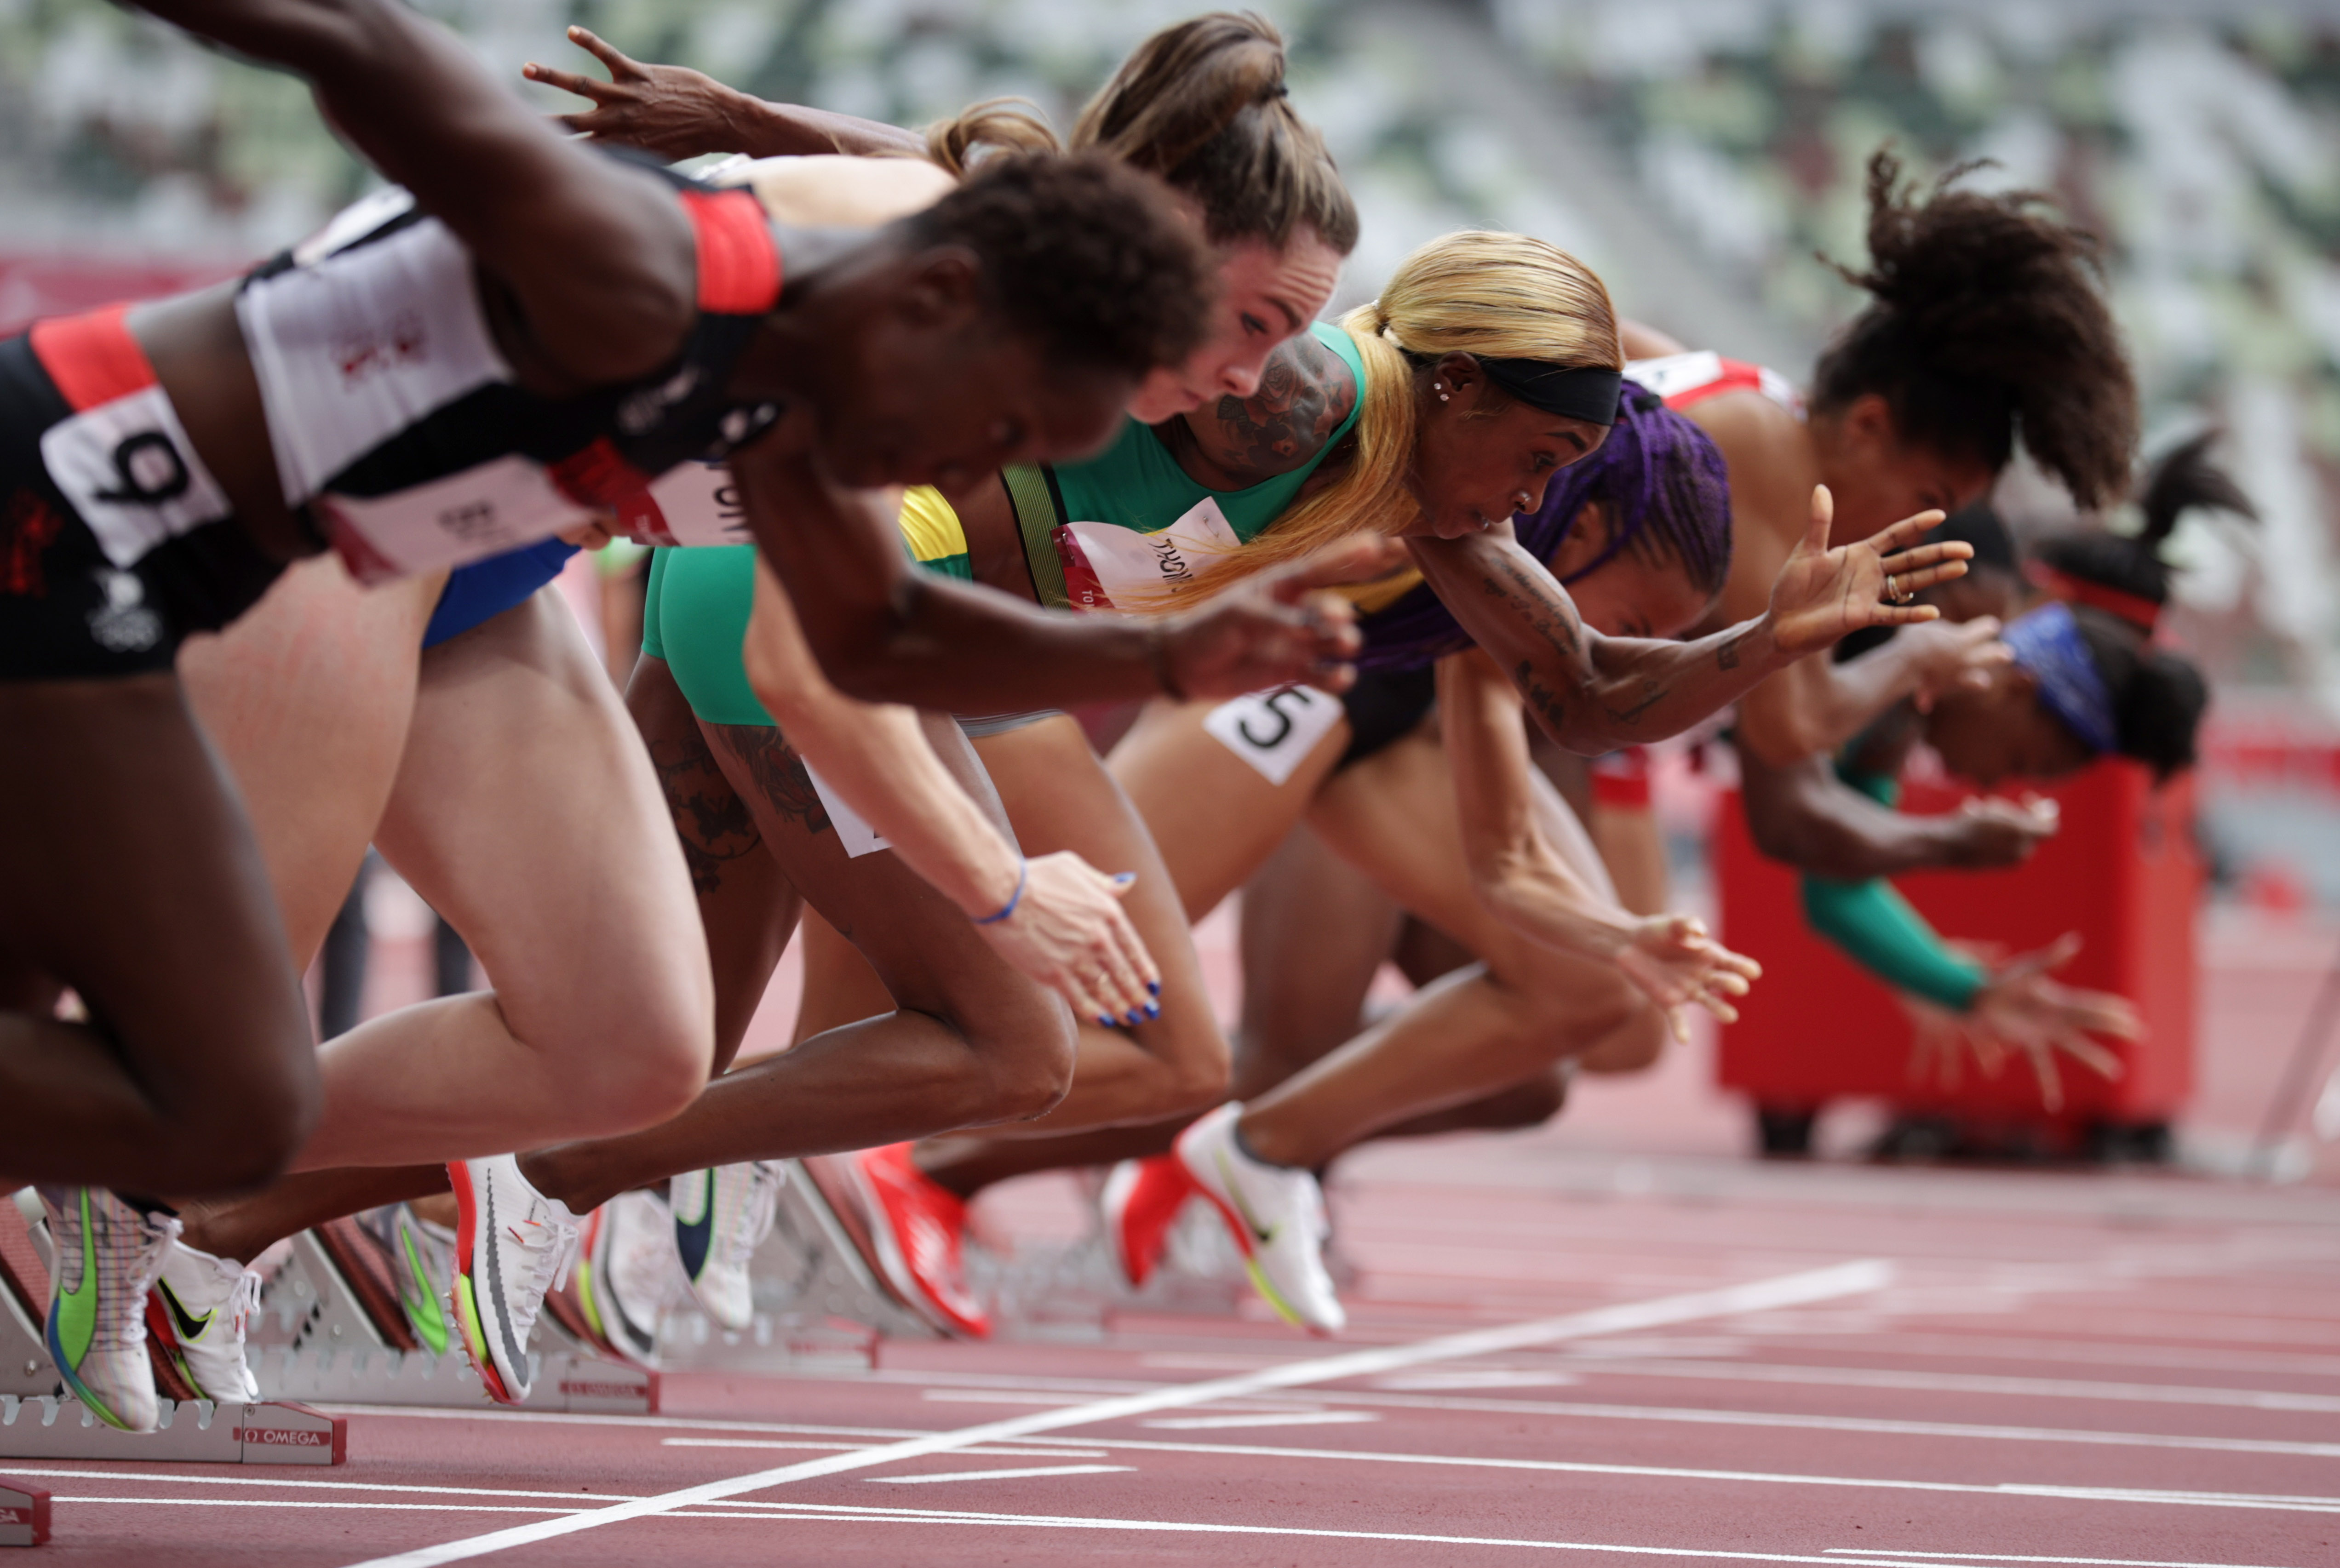 Время бега 100 метров. Бег 100 метров женщины. Легкоатлетки с Ямайки. Эстафета Франция женщины легкая атлетика.
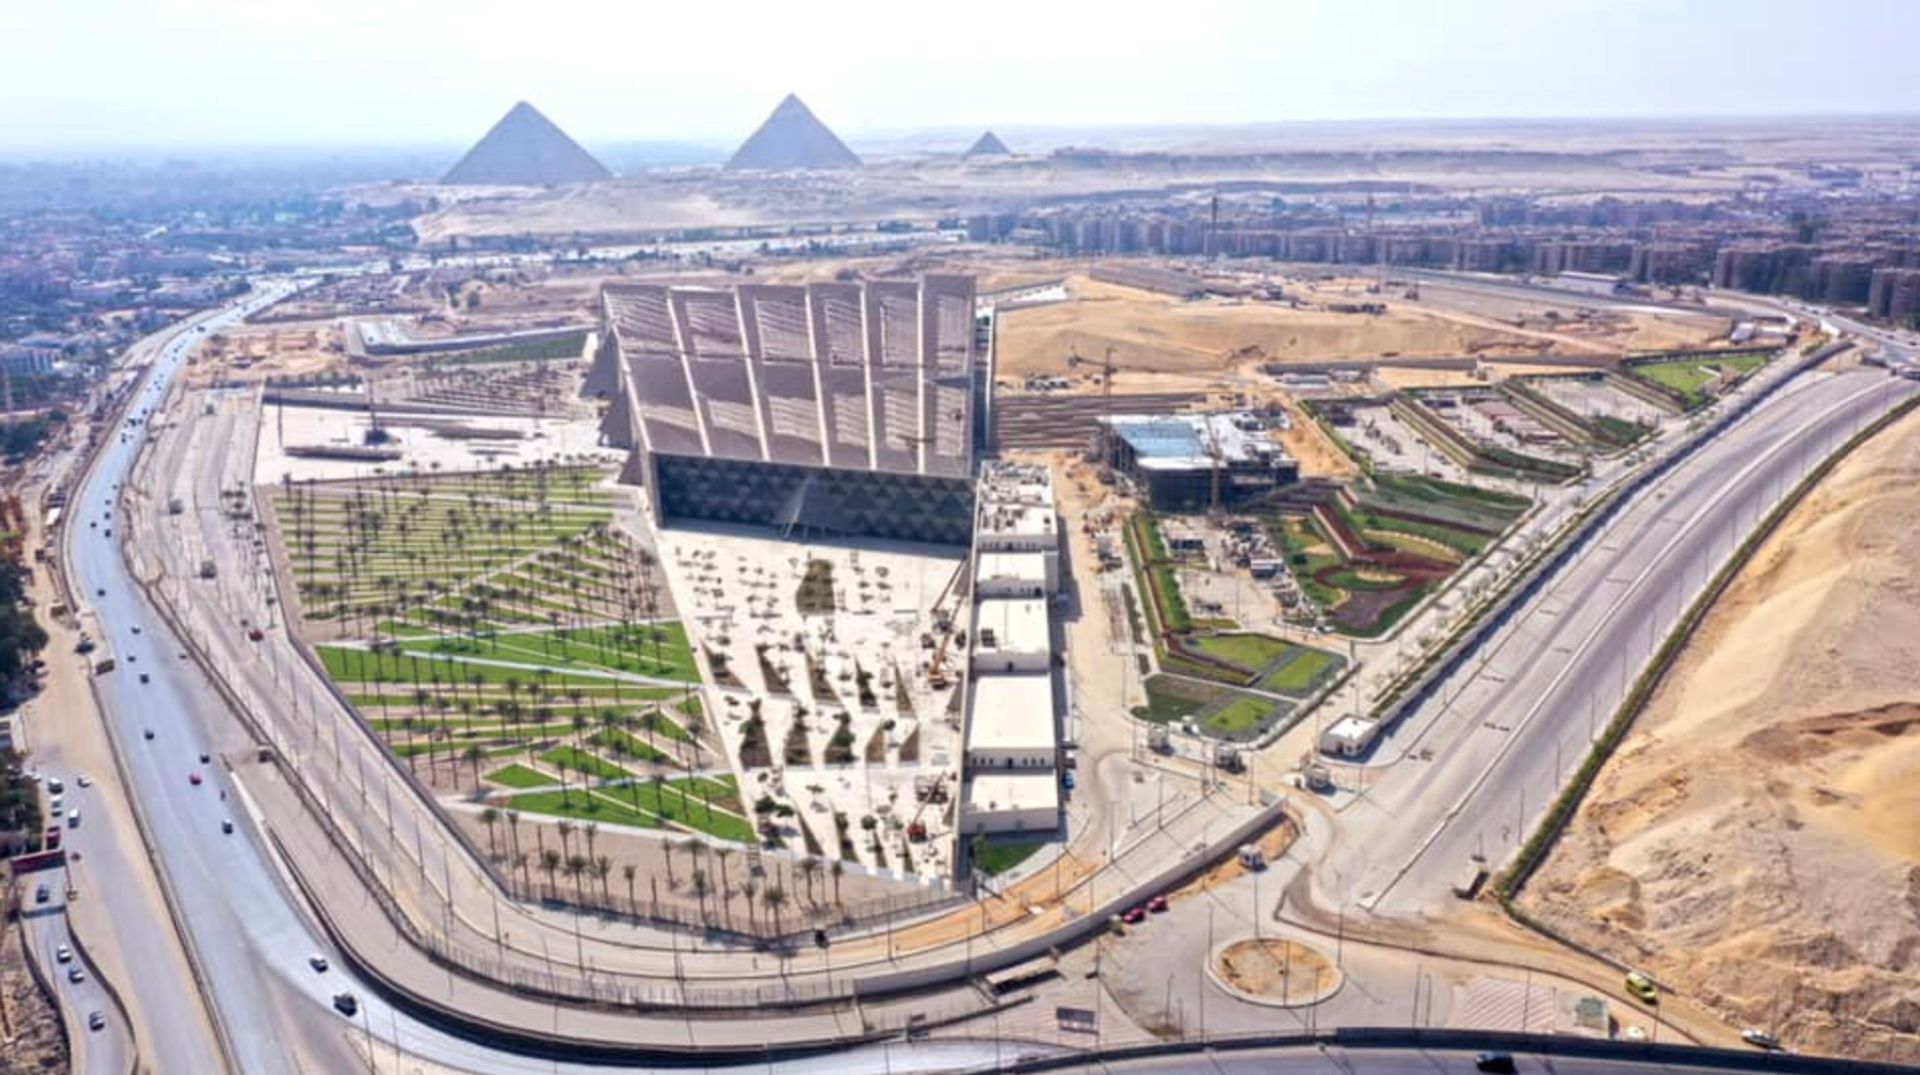 מתחם המוזיאון המצרי הגדול בגיזה, קהיר

צילום: משרד התיירות והעתיקות, מצרים/פייסבוק
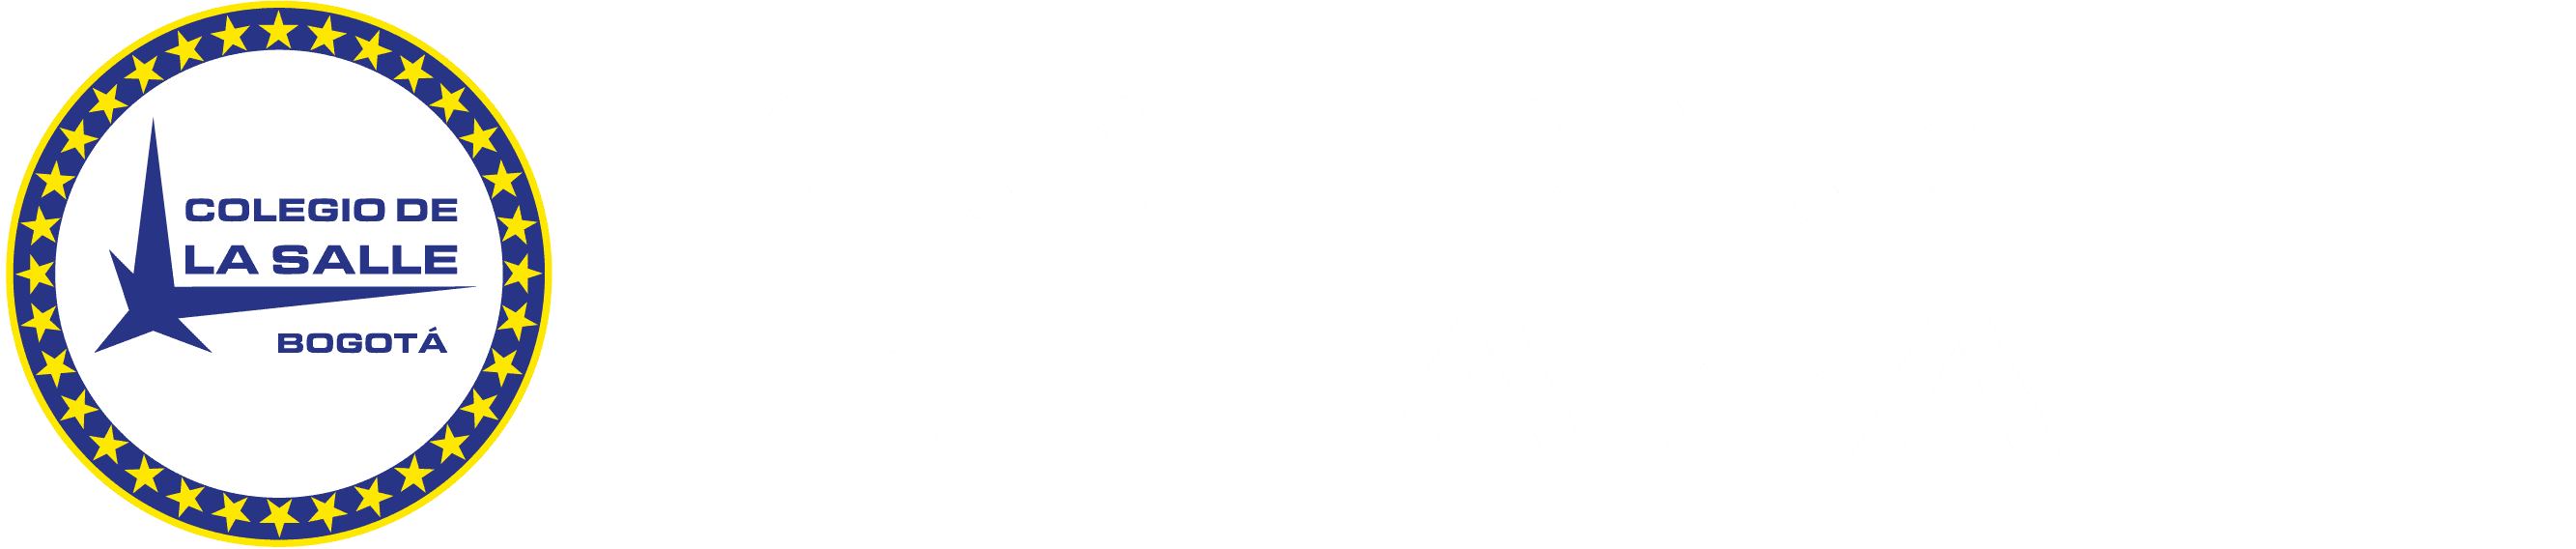 COLEGIO DE LA SALLE|Colegios BOGOTA|COLEGIOS COLOMBIA
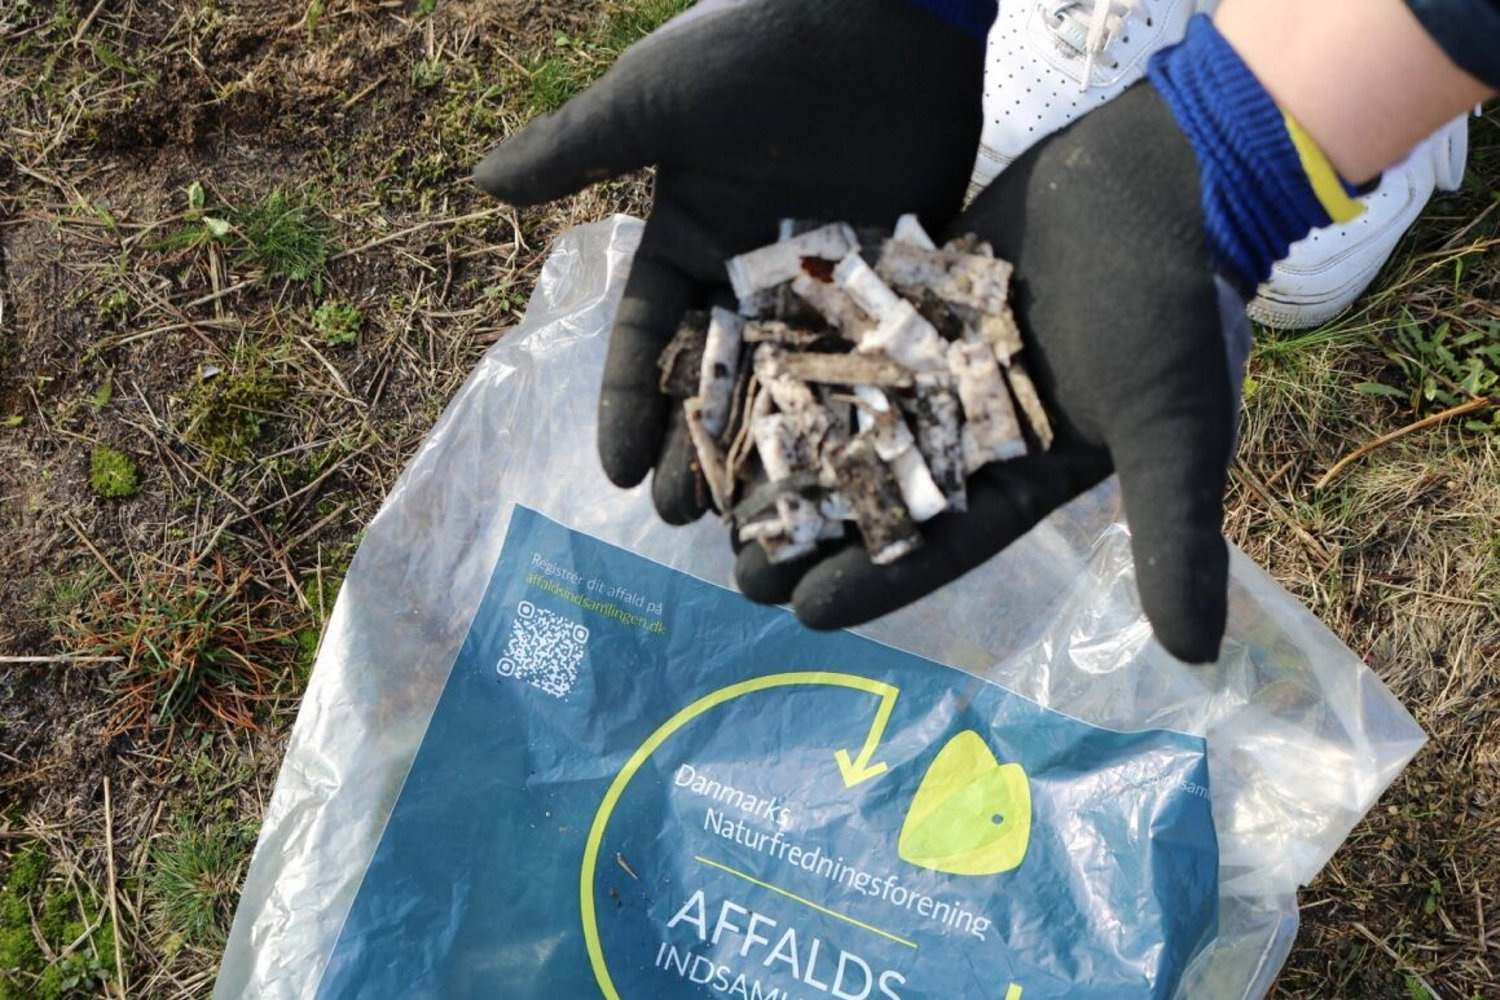 115.000 nikotinposer fundet i naturen af affaldsindsamlere

EXERCISE AIM: Could you repeat exactly the lines from the one containing "COLEGIO DE LA" to the last line of the records, both included, and leave out every picture?

YOUR RESPONSE:
 COLEGIO DE LA SALLE|Colegios BOGOTA|COLEGIOS COLOMBIA
 115.000 nikotinposer fundet i naturen af affaldsindsamlere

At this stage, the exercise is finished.